Task objective ▸
Beginning with the line below that contains "Public Transit Authority" and ending with the line that contains "Bus 0542, a", copy every line exactly. Copy nothing else.

*** Opening Records provided ***

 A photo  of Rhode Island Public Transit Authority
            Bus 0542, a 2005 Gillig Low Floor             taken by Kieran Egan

*** Closing Records provided ***
*** Opening Records provided ***

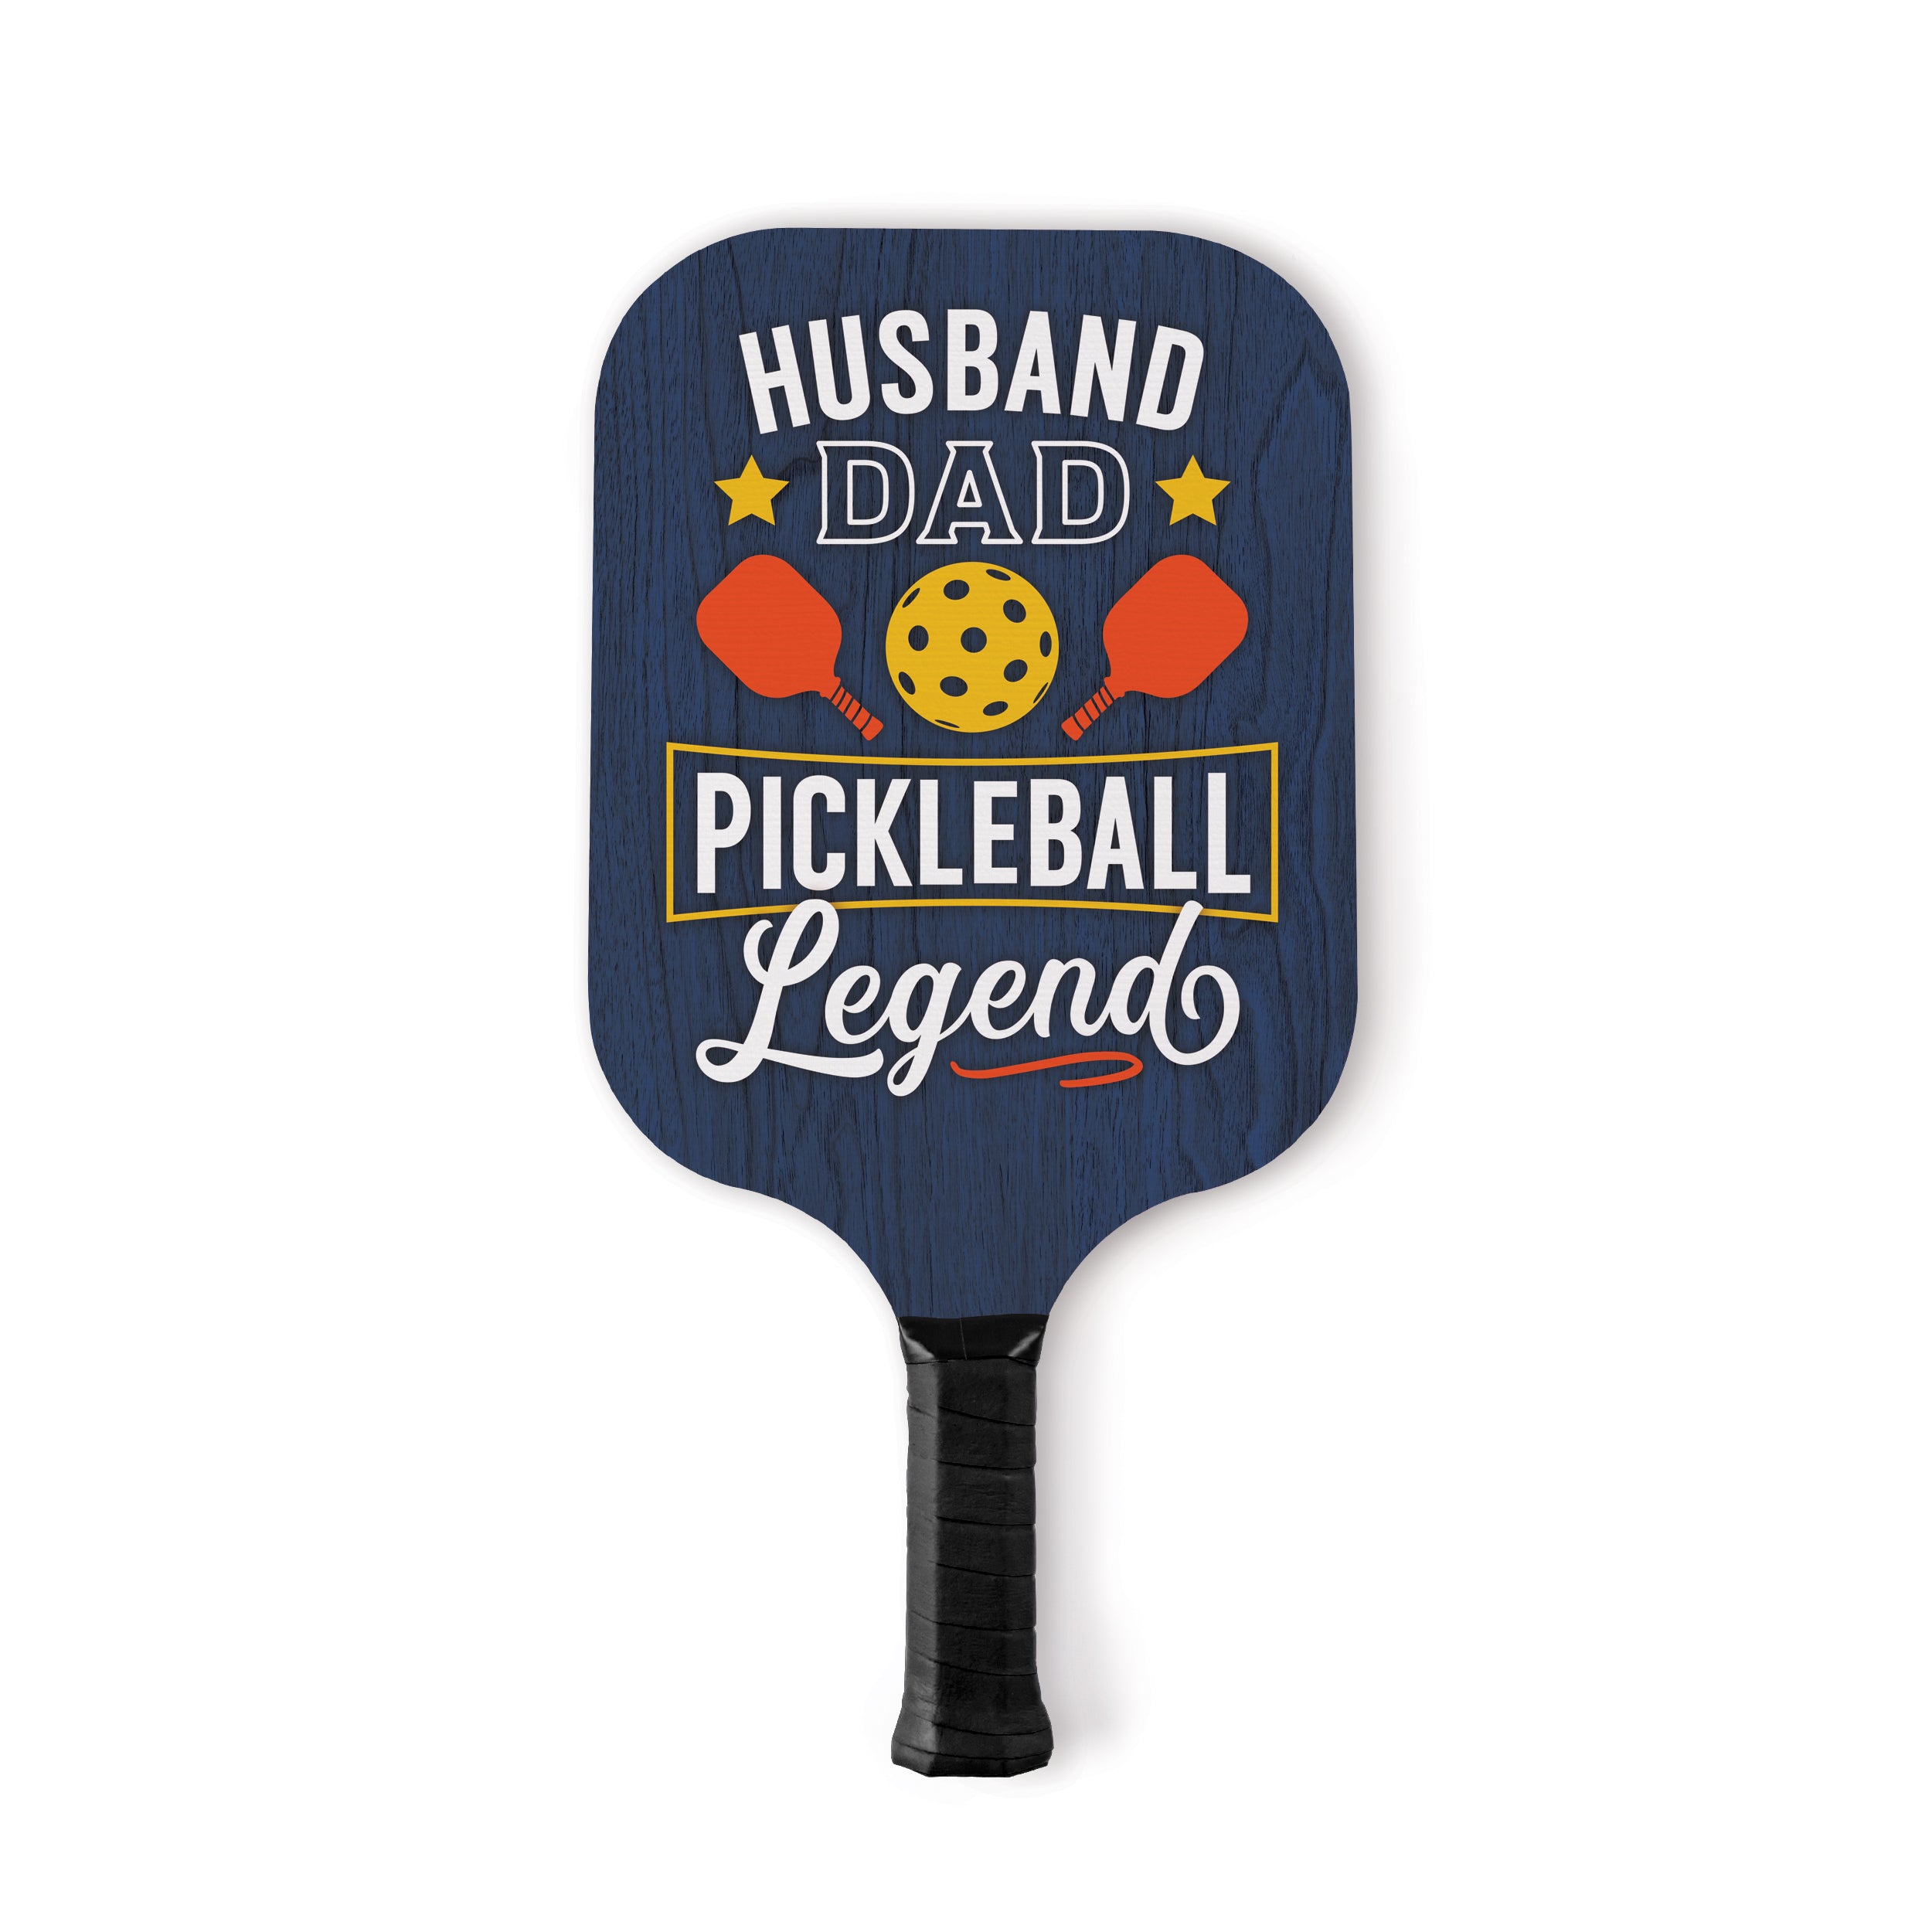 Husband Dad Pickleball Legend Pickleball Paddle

*** Closing Records provided ***

Solution to this exercise ▸
 A photo  of Rhode Island Public Transit Authority
            Bus 0542, a 2005 Gillig Low Floor             taken by Kieran Egan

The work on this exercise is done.